> **What you will do**: Word for word, copy the records and drop the pictures.

(Records from a data collection)
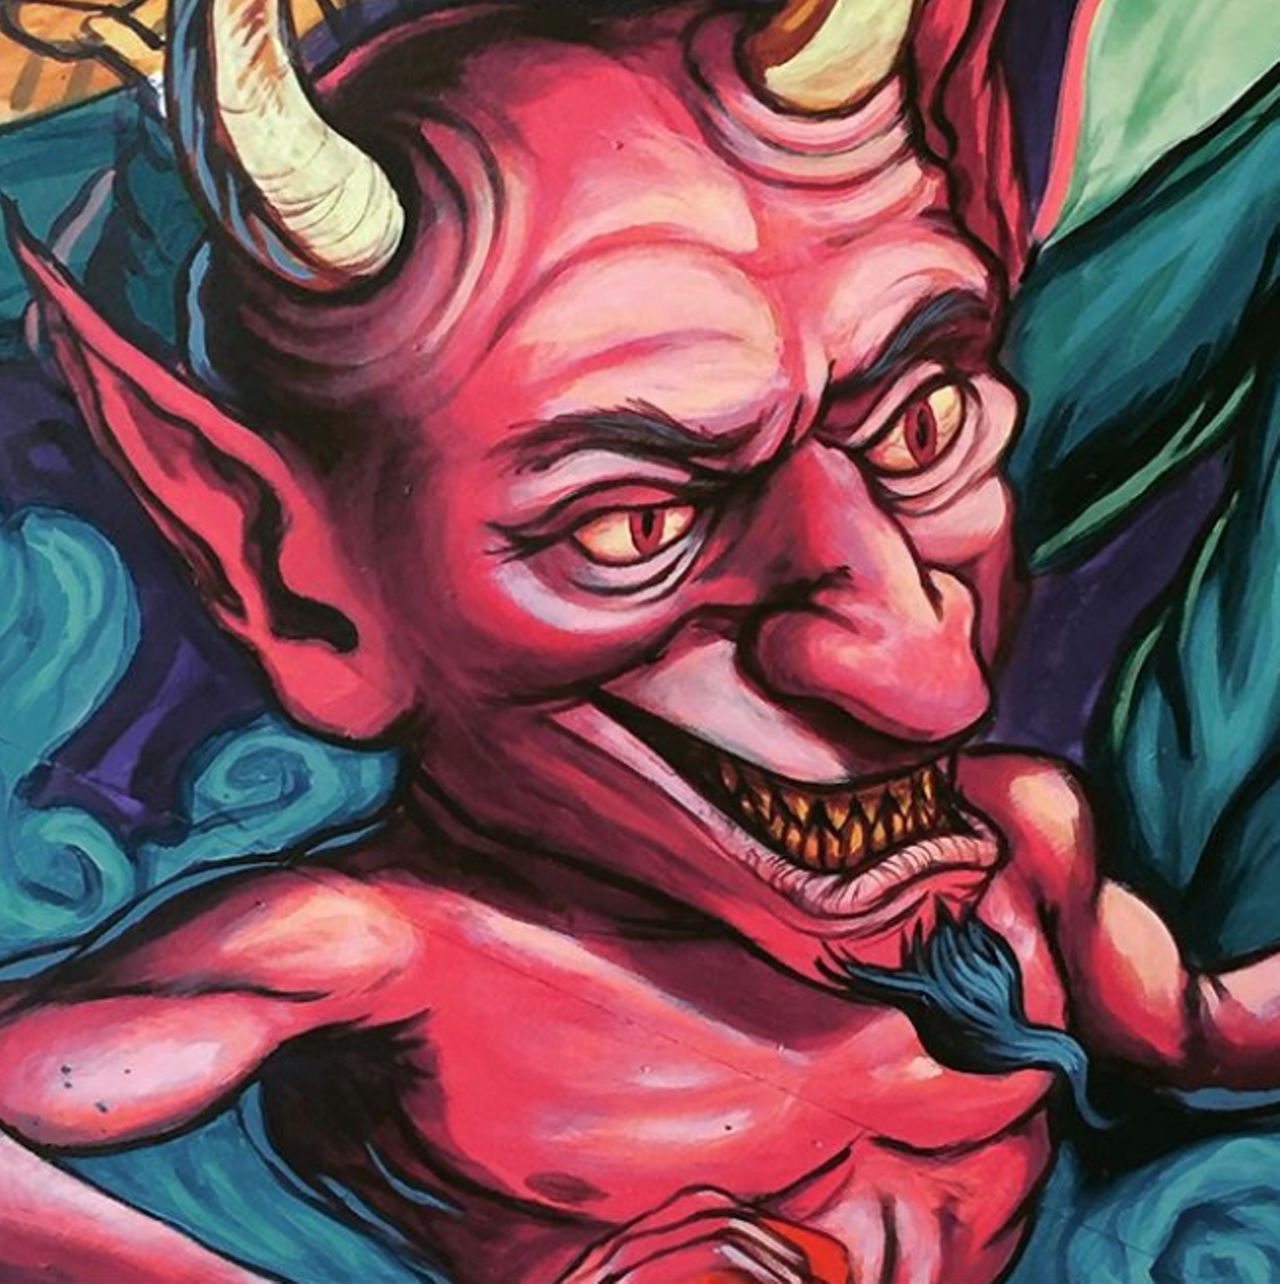 Saying el diablo will take them away forever
Mexican parents often scare their kids into thinking that the devil is going to get them if they don’t behave. Aside from his supposed appearance at a local nightclub back in the ‘70s, Lord Stan himself is used to get kids to stay on the pure path and on the “good” side.
Photo via Instagram / studio_martinez
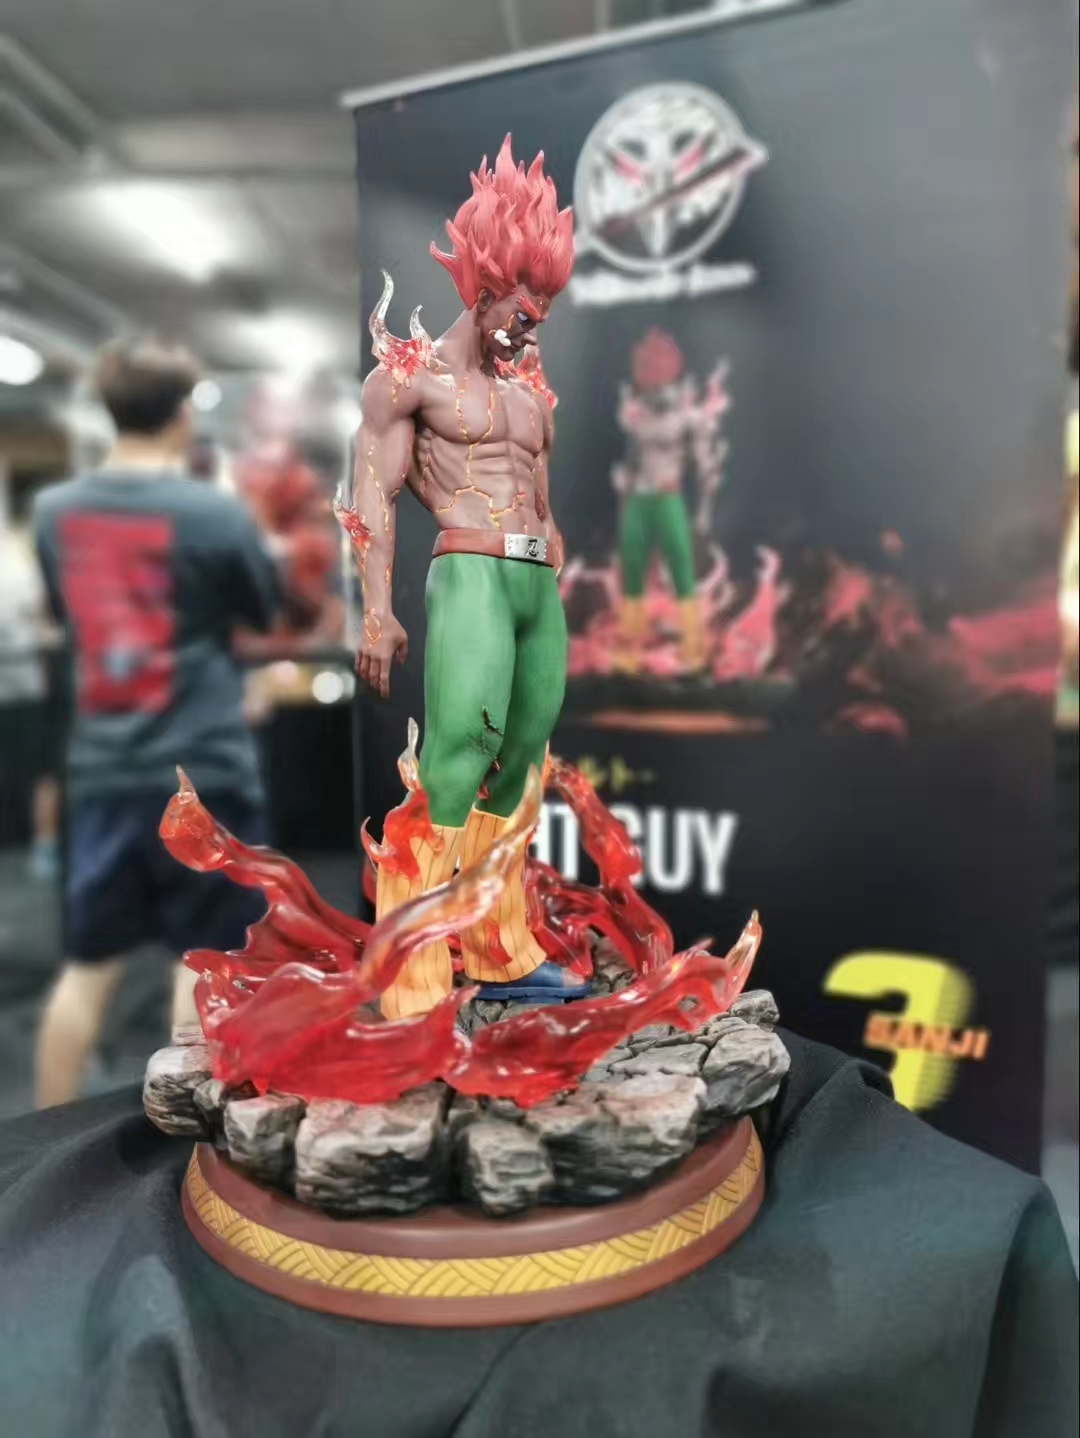 JZ Studio GK NARUTO Might Guy 1/7 Scale GK Collector Resin Statue Limit in stock
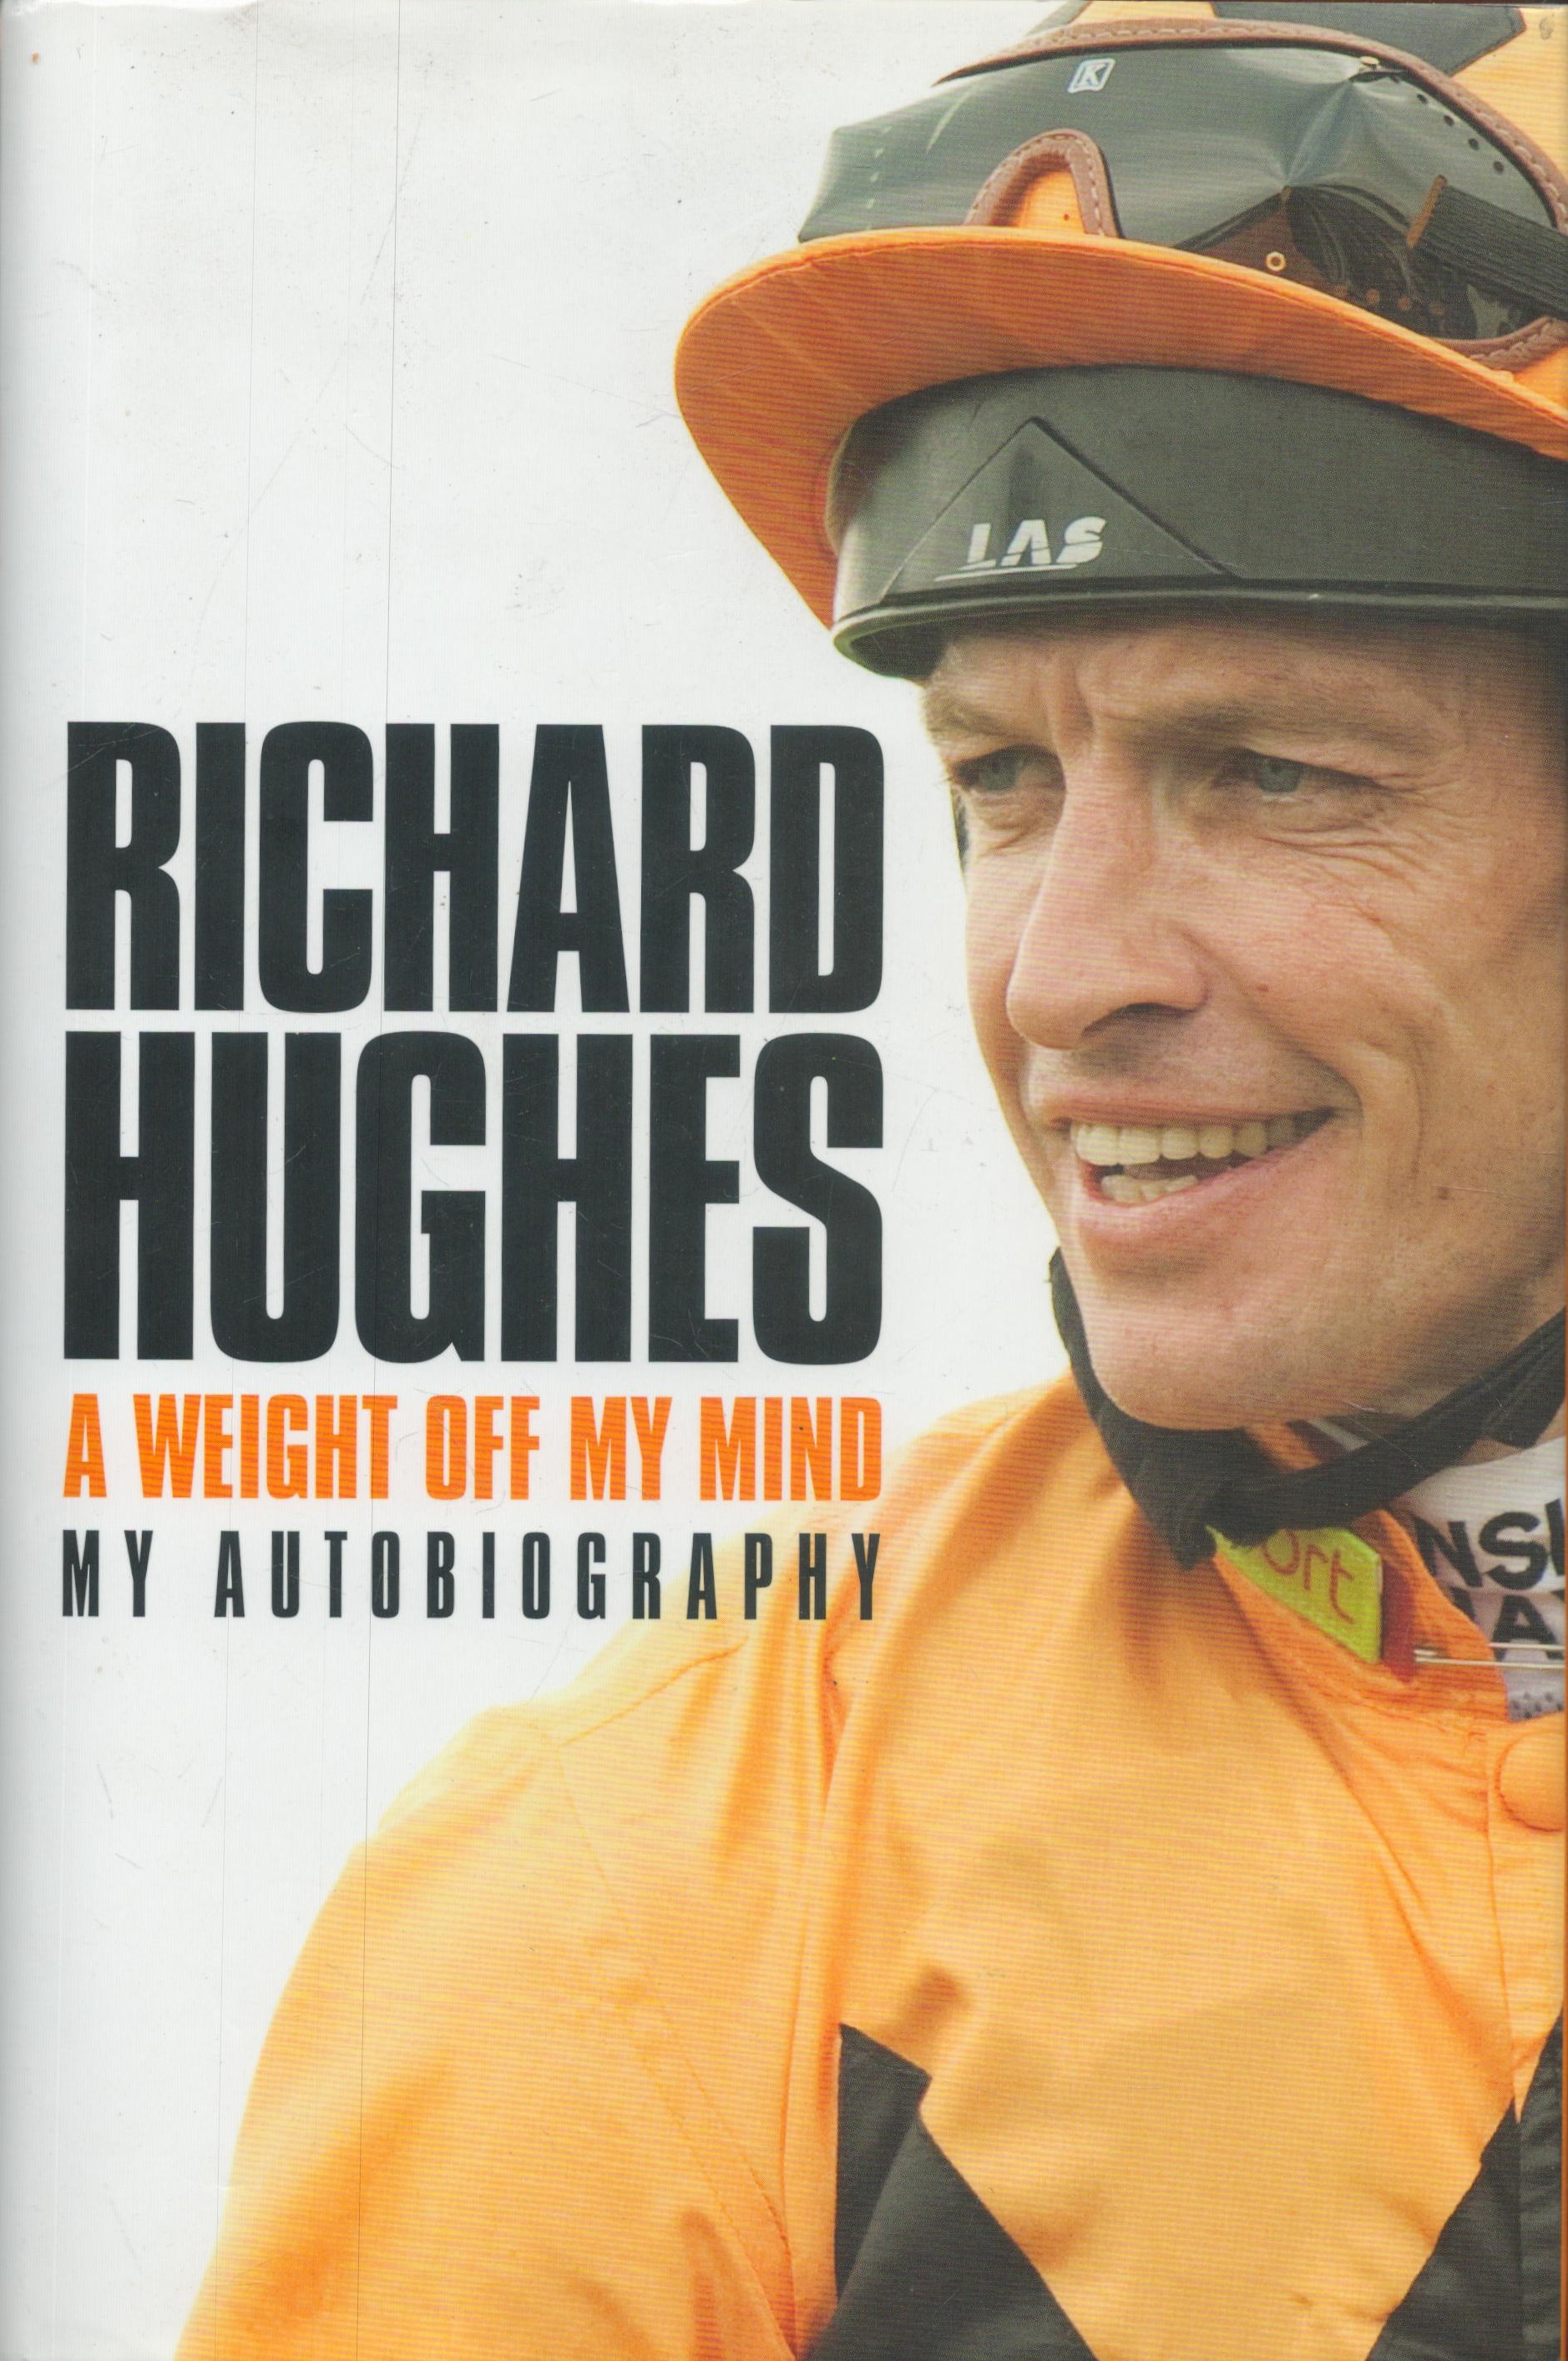 Richard Hughes Signed Book - A Weight off my Mind - My Autobiography by Richard Hughes 2012 hardback
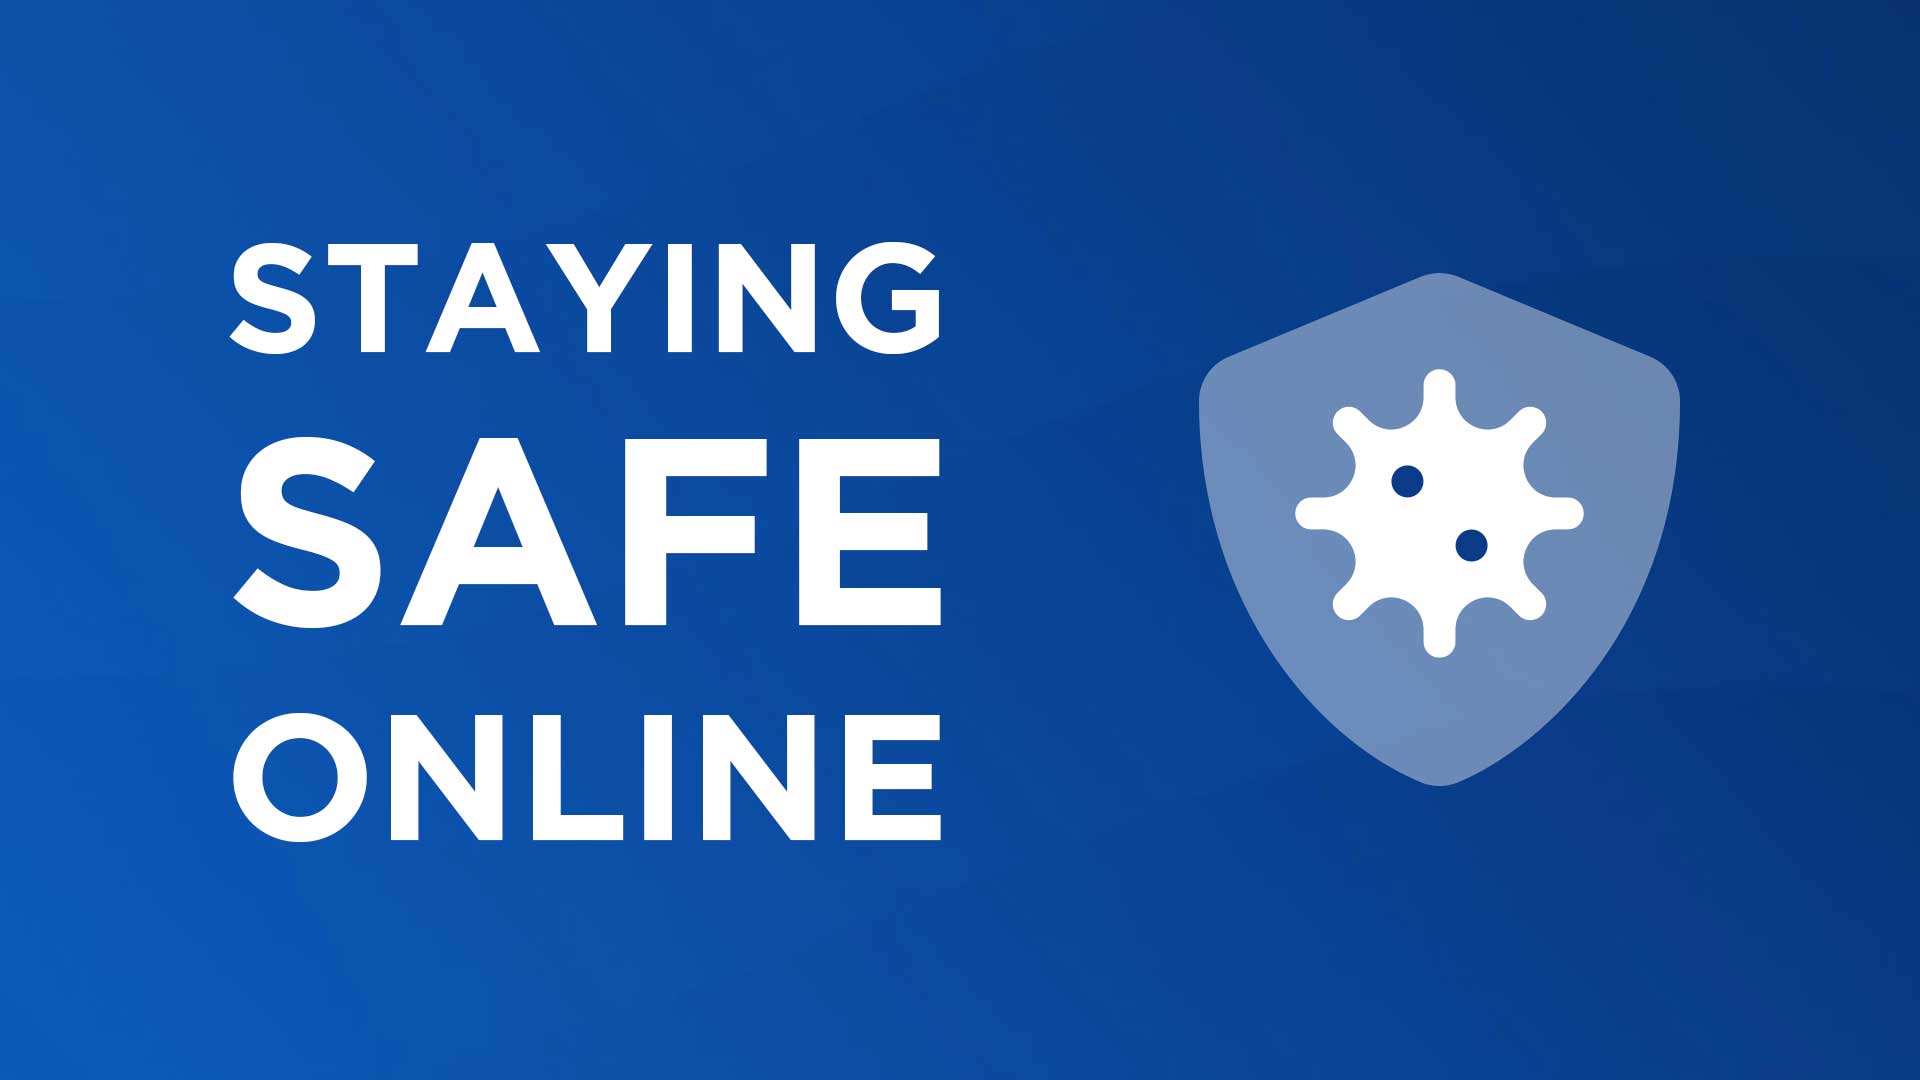 How can I stay safe online?

> **Output of the exercise**:
 Saying el diablo will take them away forever
Mexican parents often scare their kids into thinking that the devil is going to get them if they don’t behave. Aside from his supposed appearance at a local nightclub back in the ‘70s, Lord Stan himself is used to get kids to stay on the pure path and on the “good” side.
Photo via Instagram / studio_martinez
 JZ Studio GK NARUTO Might Guy 1/7 Scale GK Collector Resin Statue Limit in stock
 Richard Hughes Signed Book - A Weight off my Mind - My Autobiography by Richard Hughes 2012 hardback
 How can I stay safe online?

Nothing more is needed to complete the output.